* **ACTION ITEM**
Reproduce the listing that follows word for word, without its pictures.

* **EXTRACTED RECORDS**
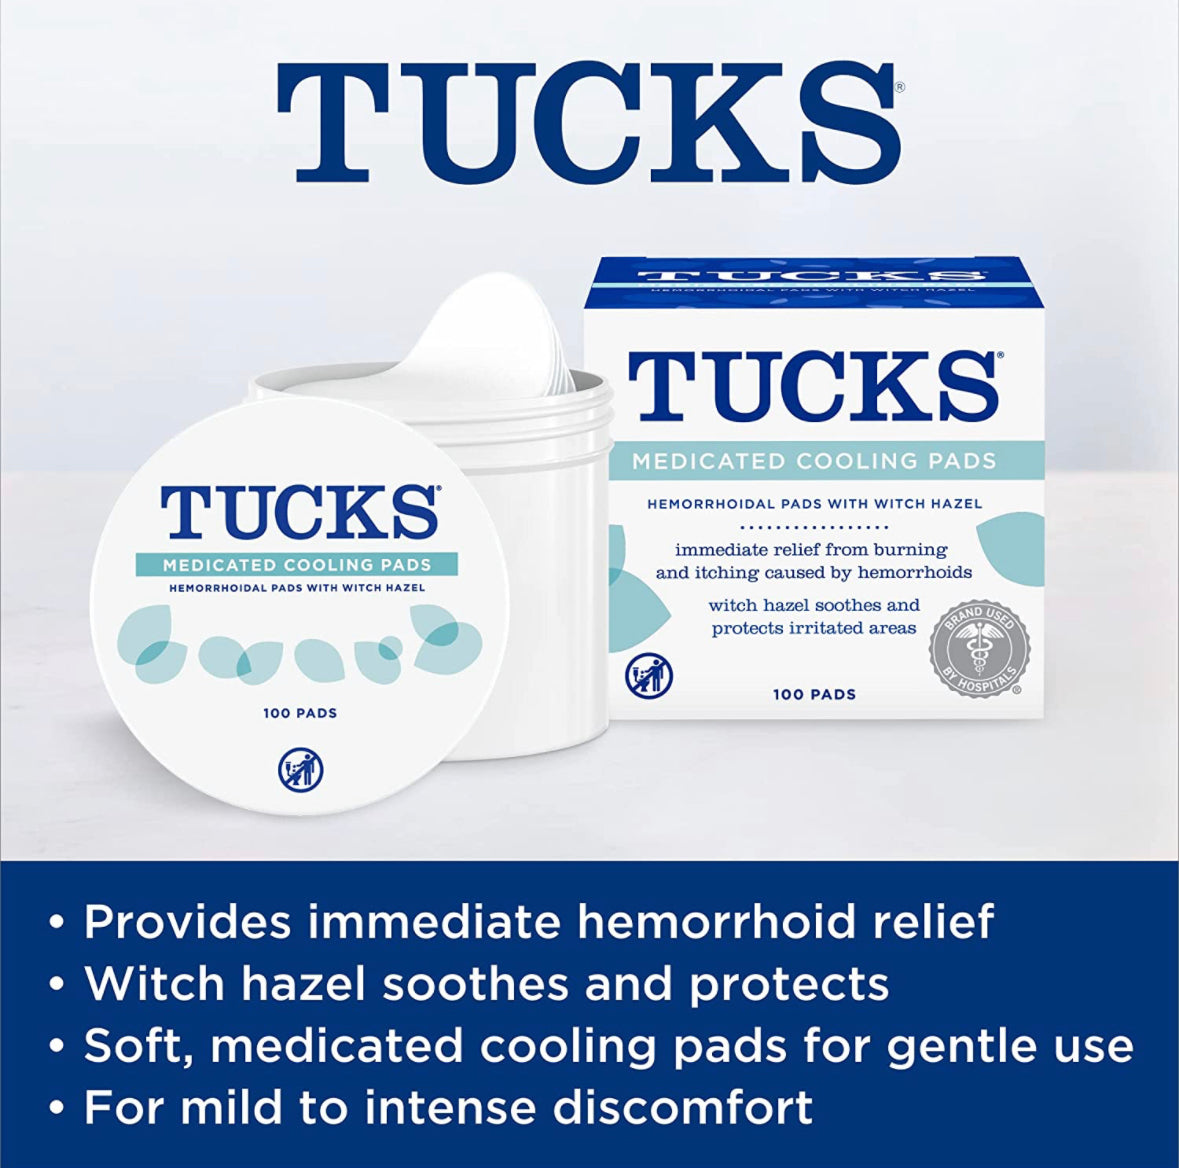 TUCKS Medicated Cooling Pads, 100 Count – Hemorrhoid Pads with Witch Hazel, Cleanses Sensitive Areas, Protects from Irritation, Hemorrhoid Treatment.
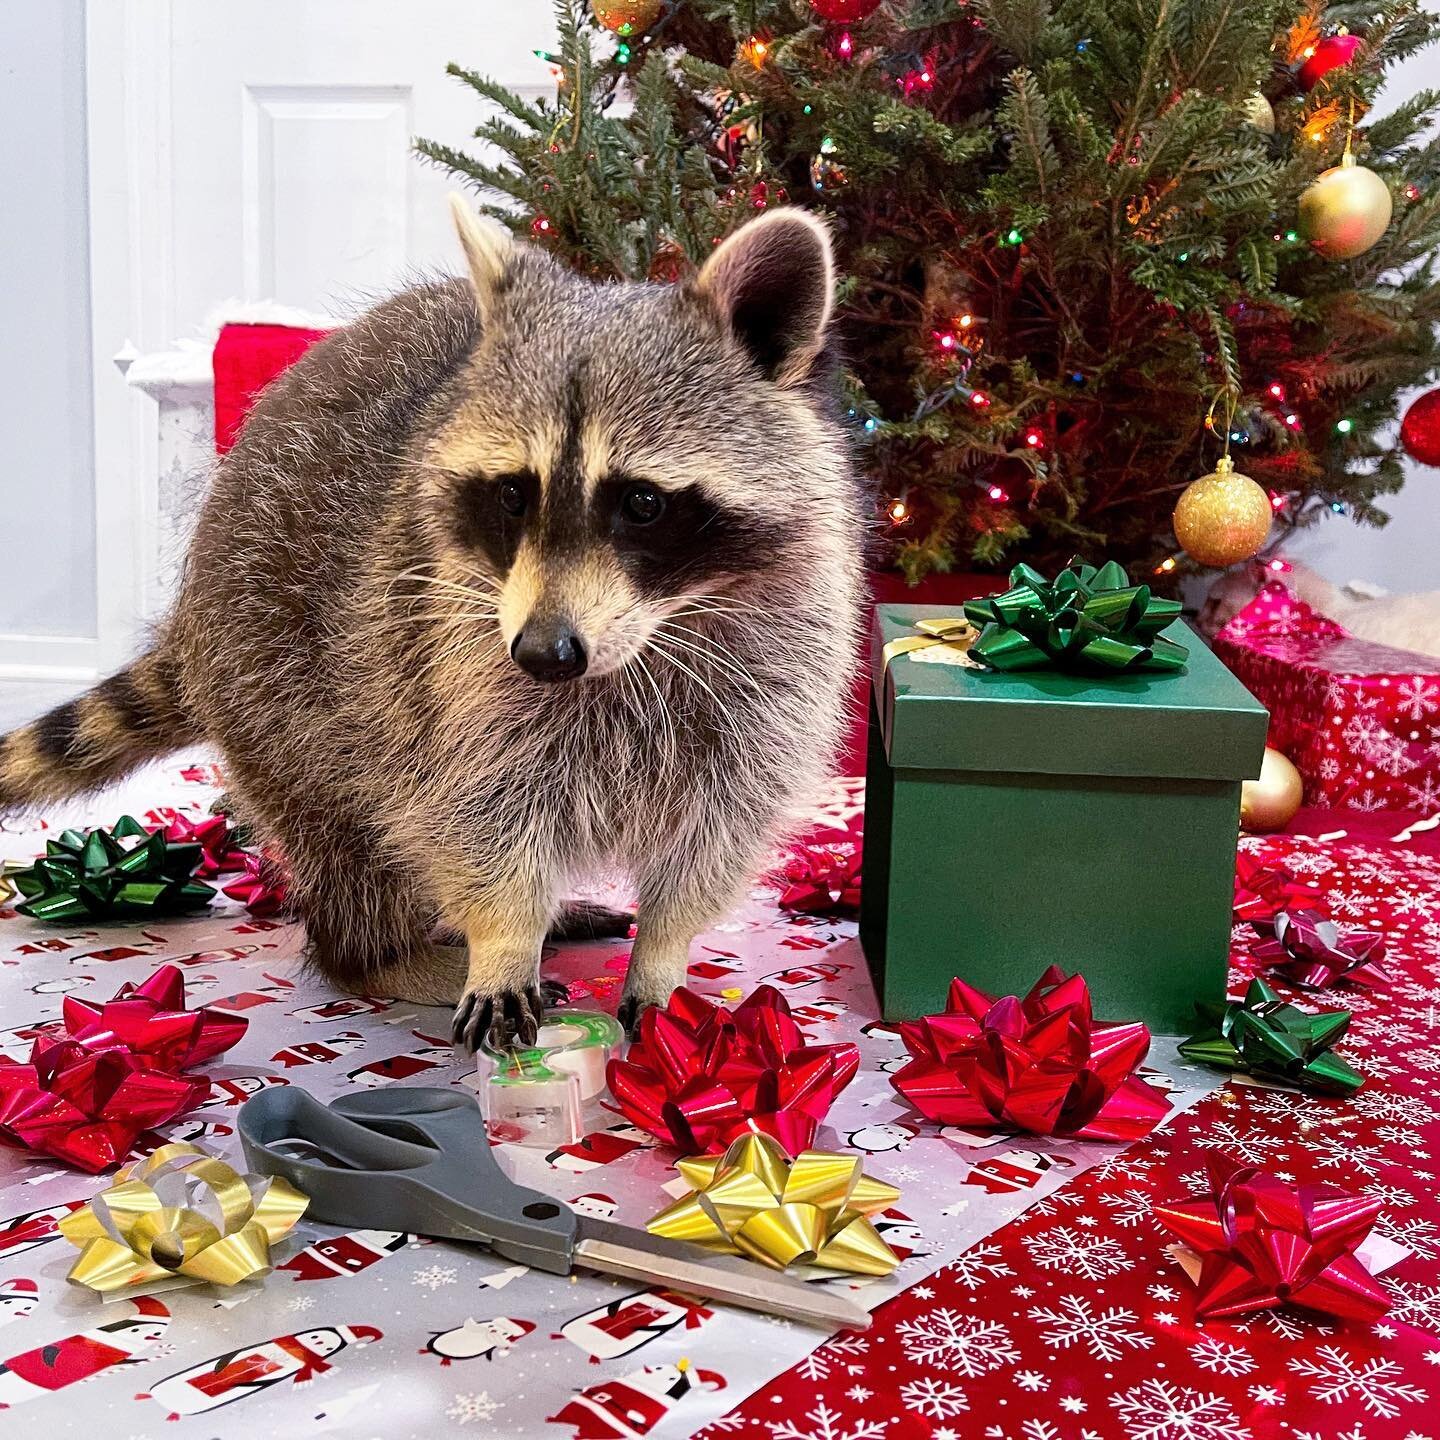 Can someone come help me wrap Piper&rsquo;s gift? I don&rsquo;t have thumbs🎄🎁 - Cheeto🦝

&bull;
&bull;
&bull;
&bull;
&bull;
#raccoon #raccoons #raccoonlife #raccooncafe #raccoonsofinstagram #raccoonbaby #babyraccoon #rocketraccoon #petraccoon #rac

* **REPLY**
 TUCKS Medicated Cooling Pads, 100 Count – Hemorrhoid Pads with Witch Hazel, Cleanses Sensitive Areas, Protects from Irritation, Hemorrhoid Treatment.
 Can someone come help me wrap Piper&rsquo;s gift? I don&rsquo;t have thumbs🎄🎁 - Cheeto🦝

&bull;
&bull;
&bull;
&bull;
&bull;
#raccoon #raccoons #raccoonlife #raccooncafe #raccoonsofinstagram #raccoonbaby #babyraccoon #rocketraccoon #petraccoon #rac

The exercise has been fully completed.